Christie's stamp on the reverse
Carmichael was born near Newcastle on 9 June 1800. His father worked as a carpenter specializing in shipbuilding and passed on his passion for the sea to his son. Still young, James Wilson spent three years aboard a ship sailing between the ports of the Iberian peninsula. On his return to Britain, after an apprenticeship in shipbuilding, he decided to pursue art. On several occasions he exhibited oil and watercolor paintings at the Royal Academy. In 1845 he moved to London, where he was already known as an accomplished marine painter. In 1855, during the Crimean War he was sent to the Baltic to make drawings for The Illustrated London News. Between the sixth and seventh decades of the century he published two writings on the art of marine painting. He died in Scarborough in 1868. The National Maritime Museum in London today preserves several works by the painter, including four large-format oils on canvas.

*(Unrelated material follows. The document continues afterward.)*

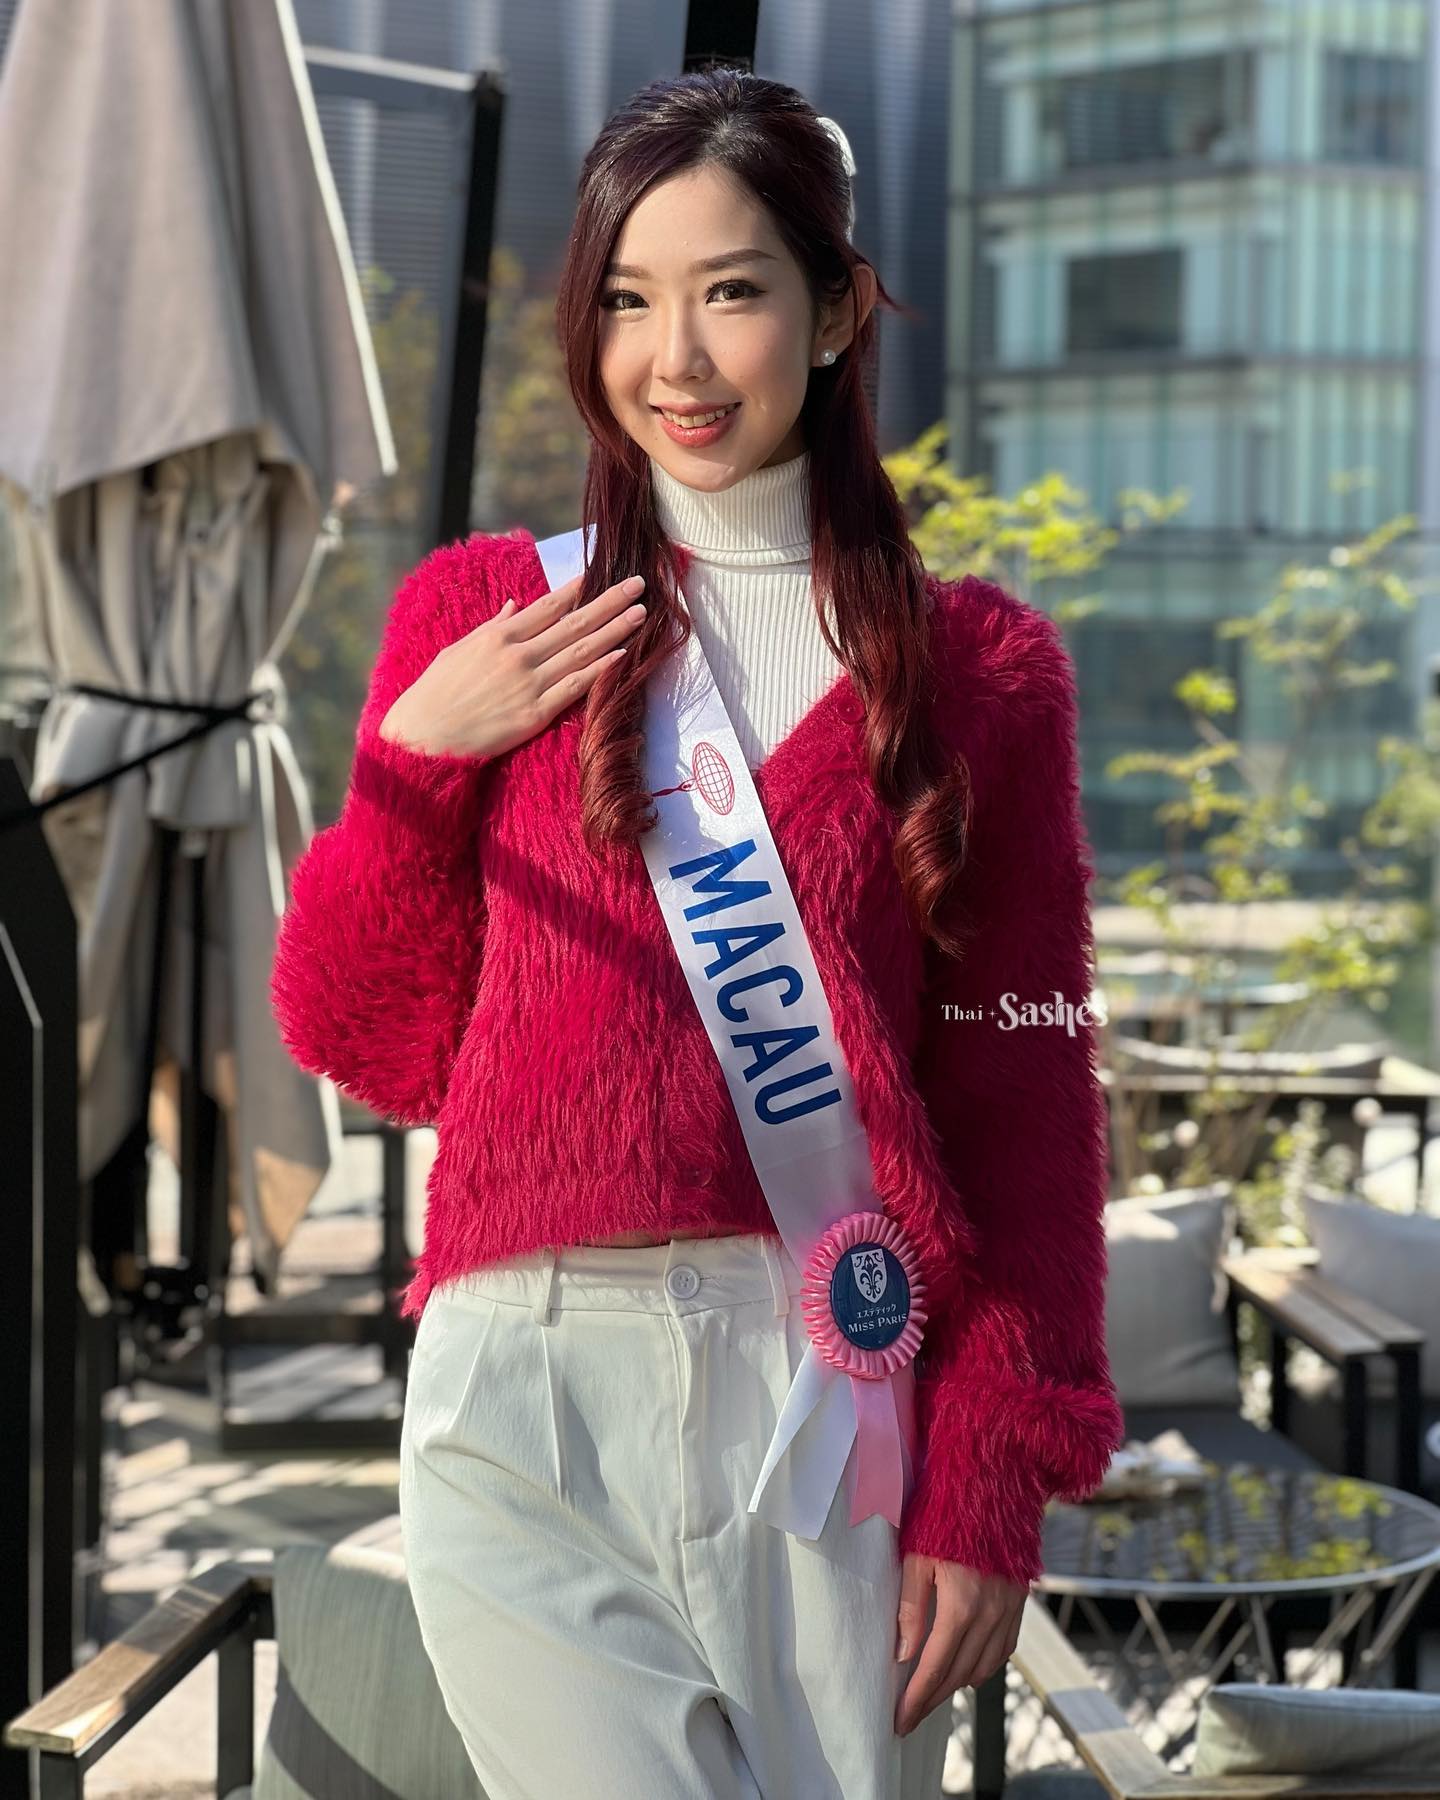 ♔♔♔♔♔ ROAD TO MISS INTERNATIONAL 2022 ♔♔♔♔♔ - Page 8 31884210

In the painting in question, Carmichael depicts a typical warship of the ancient Greeks, the trireme, while sailing towards a port, at the foot of an acropolis full of temples and other monumental buildings. On land, a crowd of people awaits the fighters, who return victorious from a war, with lit braziers, smoking incense, in thanksgiving to the Olympic gods. The painter's Greece is a land of dreams, exactly as the English of the first half of the 19th century imagined it, fascinated by ancient ruins and Mediterranean landscapes. A land that had recently recovered from the centuries-old setback imposed on it by the Ottoman Turks, also thanks to the commitment of valiant English men, above all Lord Byron, for whom Greek independence meant the rebirth of the ancient classical civilization, with its ideal of beauty, which within a few years would greatly fascinate the painters of the Victorian era. However, in Carmichael's painting there is also the expression of that feeling of the sublime, which the romantic artists traced precisely in the marine views, where the water, the currents and the high waves leave the observer amazed, driven to reflect on the immanent power of nature and to dream of authentic and absolute freedom. The early morning light covers the waters, the wood of the boat and the mainland with a golden patina, where rosy reflections fill the temples, towers and other buildings neatly arranged on the slope with a timeless charm.